The introduction of modernism led Stark Young to write an article “Some American Dramatic Material,” which attempted to look to the U.S. South for American themes for theater. (I expect this to be prophetic in the emergence of the Harlem Renaissance.) Young’s position (written in 1912) was that American had a rich and untapped reservoir of thematic material, if writers would simply look to the South. What does the South have? A history of military defeat (Vicksburg and the Alamo he compared to Marathon). The struggle between the old and new – the plantation and the railroad. Their traditional romances. “He likes sentiment and romance and a touch of heart. He goes not always in customary suits of solemn black.” (229) With a traditional gentry (almost an aristocracy), the themes of Southern theater may not be that unlike Shakespeare’s day.

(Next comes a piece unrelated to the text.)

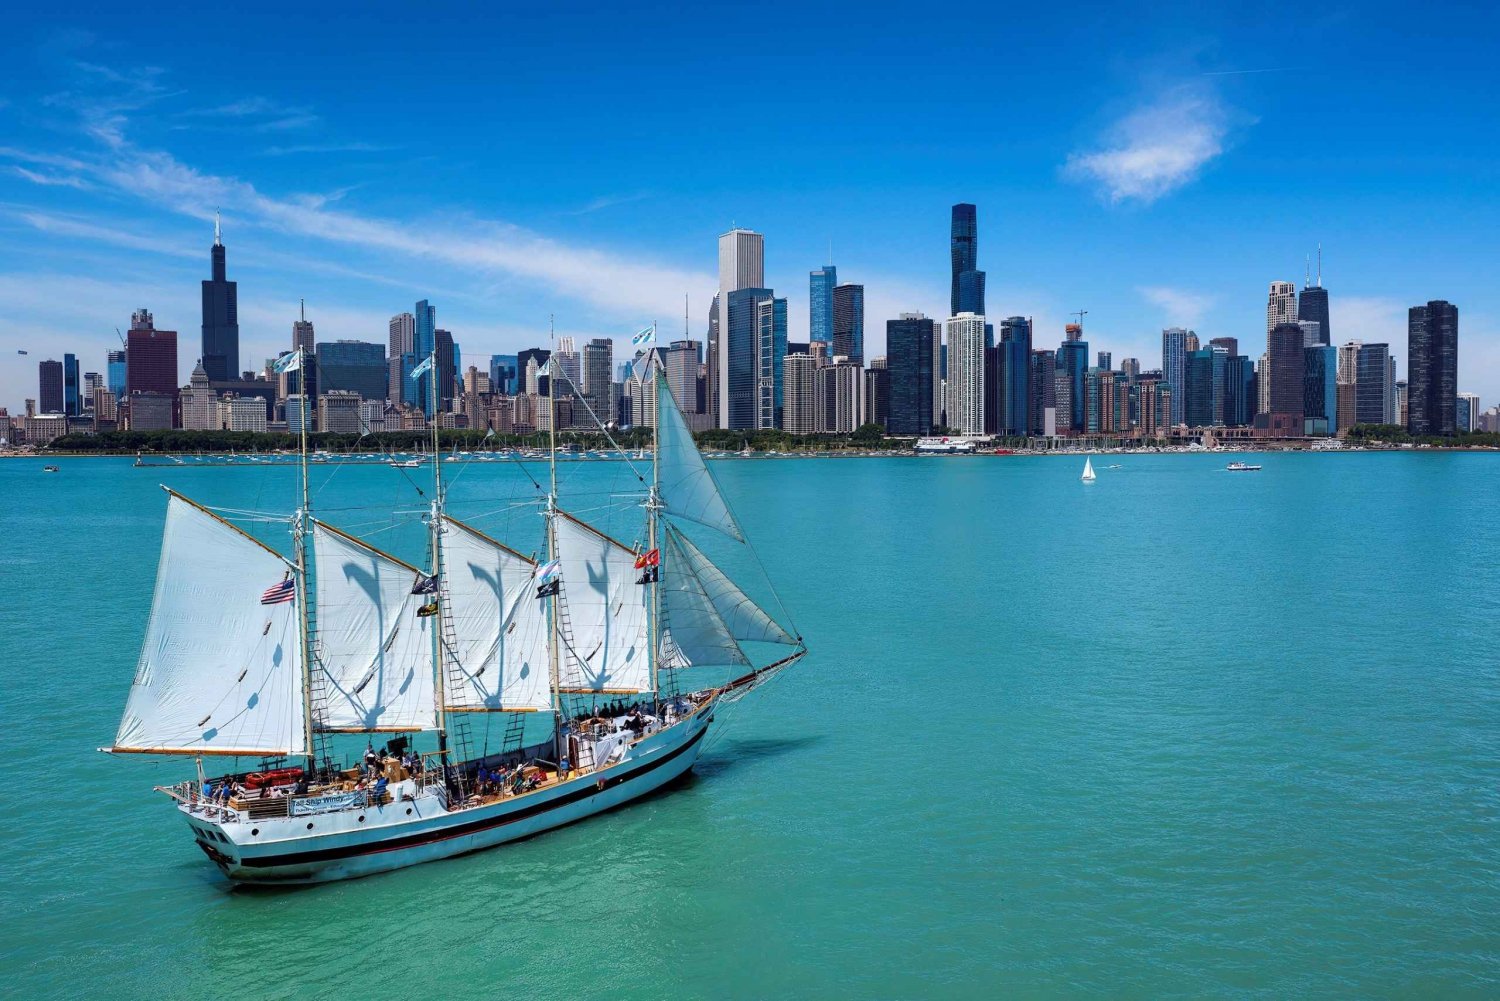 Chicago: Tall Ship Windy Architecture e tour in barca a vela sullo skyline

Yet, the impact of European modernism – even if edited to American tastes – was strong in the 1910s. Ezra Pound worked to bring to American audiences Joyce’s A Portrait of the Artist as a Young Man and eventually the play Exiles. Now I have not read Pound in detail (eventually I will if this blog survives) but I do get the sense that he looked to the East and to Europe for inspiration and intellectual companionship. His “Joyce and the Modern Stage” celebrates European high modernism, in particular Ibsen, but he was frustrated with his country’s hesitance in fully embracing the richness of modernism. “But we cannot see ‘Ibsen.’ Those of us who were lucky saw Mansfield do the Peer Gynt. I have seen a half-private resurrection of Hedda. I think that those are the only two Ibsen plays that I have ever had the opportunity of seeing performed, and many others must be in like case. Professionals tell us: ‘Oh, they have quickened the tempo. Ibsen is too slow,’ and the like. So we have Shaw; that is to say, Ibsen with the sombre reality taken out, a little Nietzsche put in to enliven things, and a technique of dialogue superadded from Wilde.” (260) He even suggests that Joyce’s play, which Pound is attempting to promote, is almost too rich for American audiences. “So Mr. Joyce’s play is dangerous and unstagable because he is not playing with the subject of adultery, but because he is acturally driving in the mind upon the age-long problem o the rights of personality and of the responsibility of the intelligent individual for the conduct of those about him, upon the age-long question of the relative rights of intellect, and emotion, and sensation, and sentiment.” (265)
However, can a democratic culture ask these questions?